I'm sorry about your loss of Fluffy but you are absolutely right about remembering happy memories and times, and remembering her with happiness. She is still with you and always will be.


----------



## Wabbitdad12 (Apr 5, 2008)

I am sorry about Fluffy.


----------



## ra7751 (Apr 6, 2008)

:angelandbunny:


----------



## mouse_chalk (Apr 6, 2008)

I'm so sorry to hear about Fluffy 

You are right to want to remember the good times, she was a very well loved bunny.

Binky free little girl 

:rainbow:

Jen xx


----------



## TinysMom (Apr 6, 2008)

I'm so sorry about your loss.....it hurts so bad to lose our furry friends.

RIP Fluffy.


----------



## jcl_24 (Apr 8, 2008)

Thankyou for all of your caring thoughts for Fluffy and me, they are appreciated. 

The first time I got an idea of what Fluffy might be like beyond her appearance was when I collected her from the pet shop. Having chosen her and letting the member of staff there know she was the bunnyI wanted,she told me I could wait downstairs by the cash desk, and the rabbit would be brought downstairs to me.

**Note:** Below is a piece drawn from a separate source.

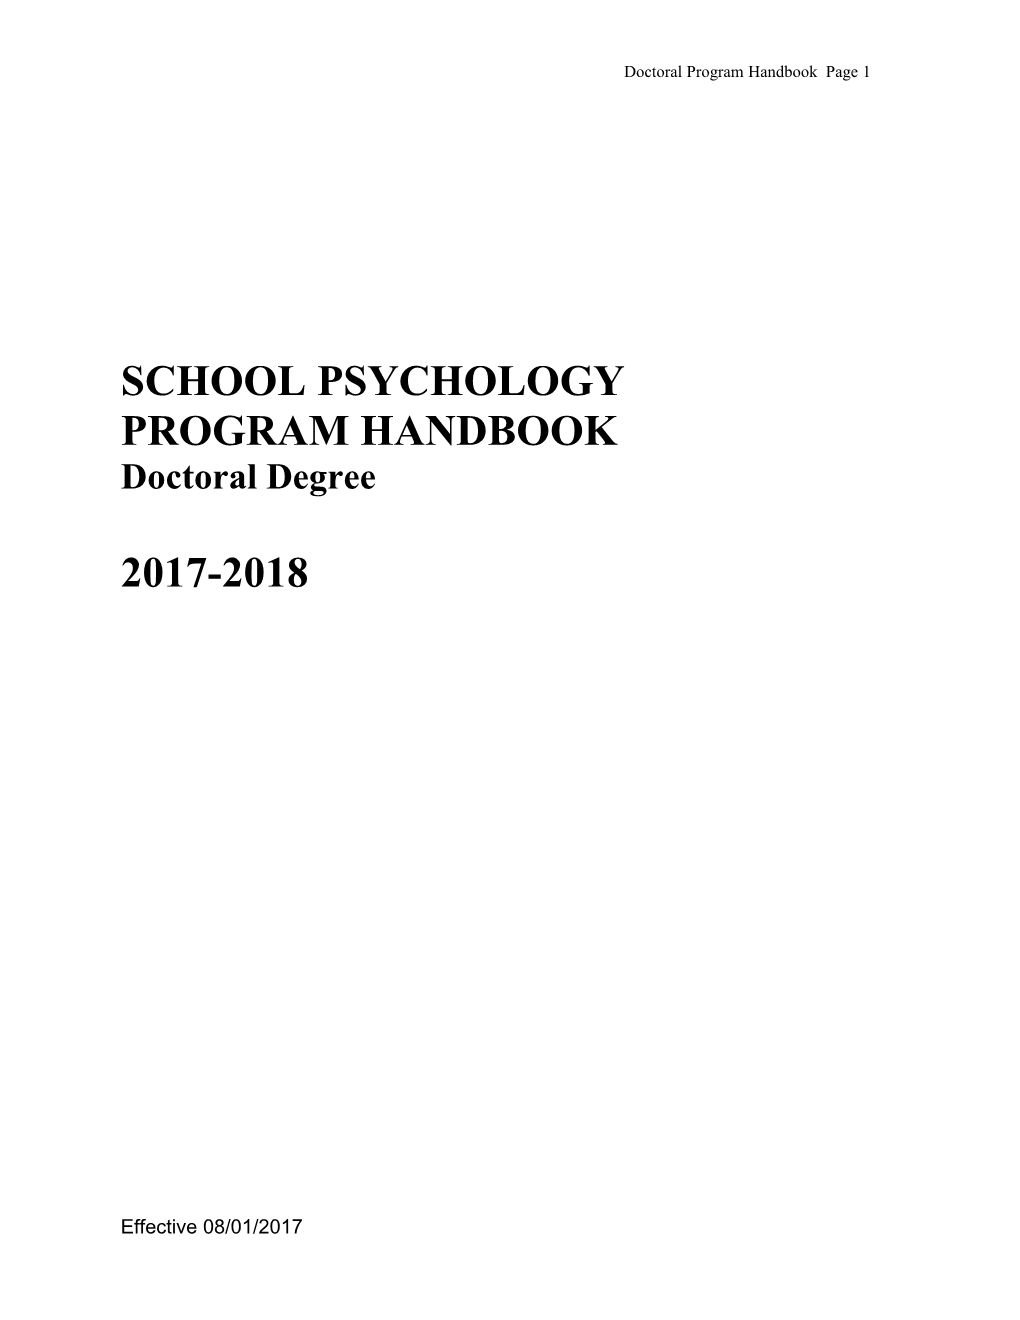 The School Psychology Program

It seemed to be a little while before the pet shop lady appeared with Fluffy in a box. I bet she was a difficult rabbit to catch :bunnydance:

Jo xx


----------



## LuvaBun (Apr 8, 2008)

I'm sorry to hear about Fluffy. Sounds like she had quite the attitude!

R.I.P. little girl

Jan


----------



## polly (Apr 9, 2008)

Binky free Fluffy ink iris:


----------



## jcl_24 (May 15, 2008)

She did have quite the attitude, it was all part of her wonderful bunny personality. No-one can grumble at me quite the way she could.

Jo xx


----------



## slavetoabunny (May 15, 2008)

:angelandbunny:You have many friends at the Bridge to take care of you. Binky free Fluffy.


----------



## jcl_24 (Jun 19, 2008)

Its been about ten weeks since Fluffy left for the Rainbow Bridge. She still features in my dreams, usually escaping from a hutch or run, needing to be caught. She never did like being caught to go back in her hutch after running around for a few hours (**** humans spoiling all her fun :S).

I watched a video on'Bunspace' tonight called 'I Will Follow You'. The video was beautiful, sad, and it reminded me of my Fluffy girl being gone and that I still miss her.

Any time you want to come back to have a bunny grumble at me or just to check things out Fluffy, spiritedly hop right back ok? You are missed by me and I know the grey-topped one thinks of you too. We love you.

Jo xx


----------



## LuvaBun (Jun 20, 2008)

<<<<hugs>>>>>

Jan


----------



## JimD (Jun 21, 2008)

ray:


----------



## jcl_24 (Sep 16, 2011)

If you can sense my thoughts where you are Fluffy girl, you will know you have not been forgotten in the years that have passed since this thread was originally made.

Jo xx


----------



## LovingMyMiniLop (Dec 28, 2011)

Im SO Sorry for the loss of Fluffy


----------



## MILU (Dec 29, 2011)

Yes, Fluffy has been loved and will not be forgotten!! 
ink iris:


----------